Maryann at MiniV said:


> Can you take pictures of your girls from the butt forward? You almost got the right angle with the bottom right picture. The girl on the top right almost looks like she's dropped! But I know she's just been rescued too and may need worming.


I will go take some. I dewormed them with Panacur on the 21st of this month, so one week ago.


----------



## Barbie-GypsyFeverFarms (Mar 28, 2020)

Ok here are more pics. God I can’t wait til it warms up so I can bathe and clip. Poor Blush (white mare) looks like a moth has been chewing on her.


----------



## Maryann at MiniV (Mar 29, 2020)

Oh my...this a hard call.... They don't look late pregnant...and the 4 yr old may be a maiden, so she wouldn't show very quickly either.... When they are eating (especially grain) put your hand down their sides and you might feel some movement. 
Let us know what the tests say.


----------



## Ryan Johnson (Mar 29, 2020)

I agree this is a hard one. The tobiano looks possibly pregnant but it is hard to tell. Keep us posted on the progress of them.


----------



## Barbie-GypsyFeverFarms (Mar 30, 2020)

Test results!
Black mare looks like a positive and white mare a negative.
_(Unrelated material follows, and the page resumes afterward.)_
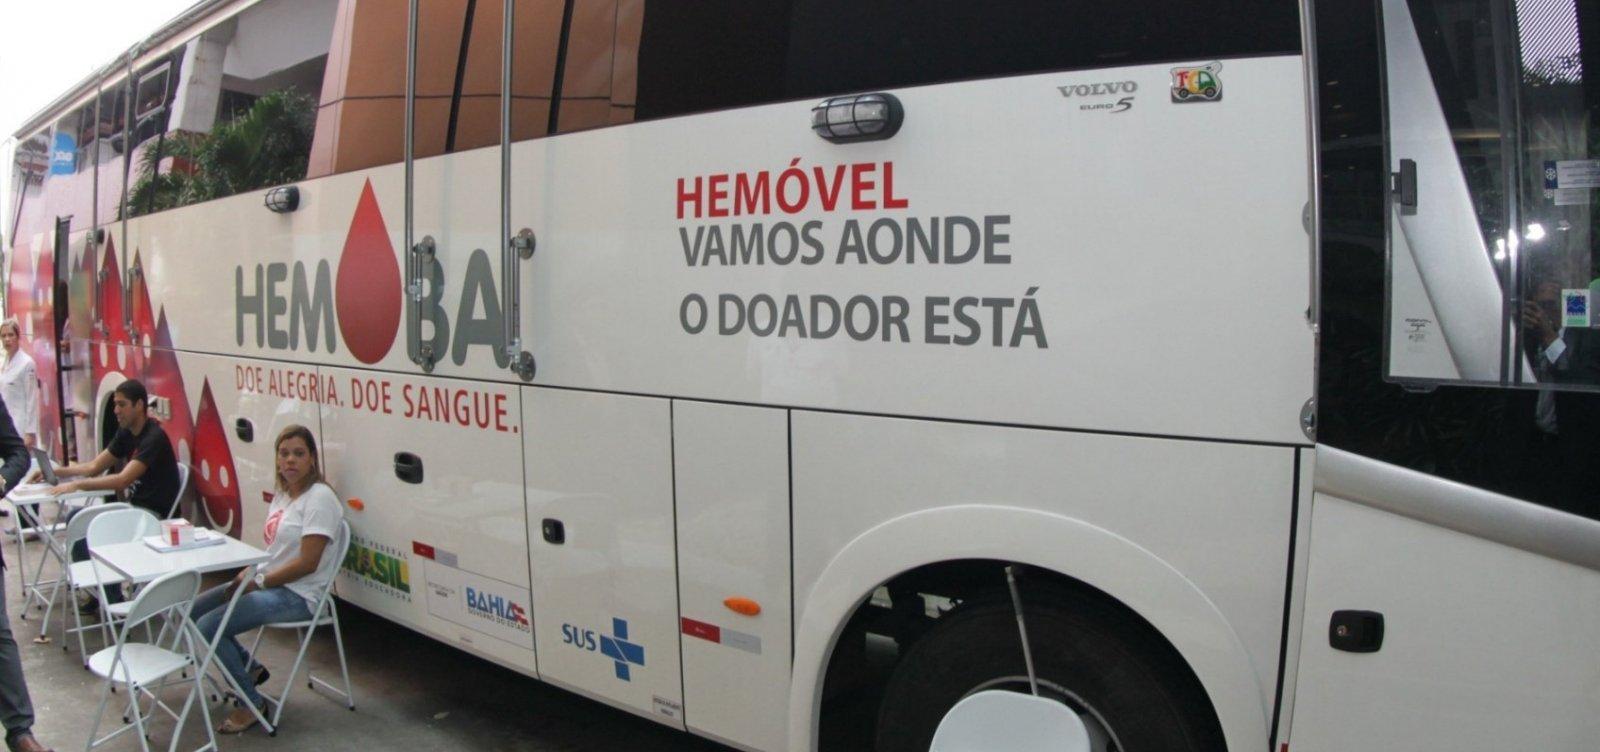 [Hemóveis realizam coleta de sangue em Salvador e Feira até sexta; veja locais]

So I dried two water bottles that have large openings, went out to their pen with my reach grabber LOL. I took a chair and sat down at the edge of the area with shavings, within two minutes my black mare walked over and peed and I caught it in her bottle. Got it closed up and the other bottle ready and in a few more minutes the white mare walked over and I caught hers too LOL. I was on the phone with my friend who couldn't believe what just happened LOL. 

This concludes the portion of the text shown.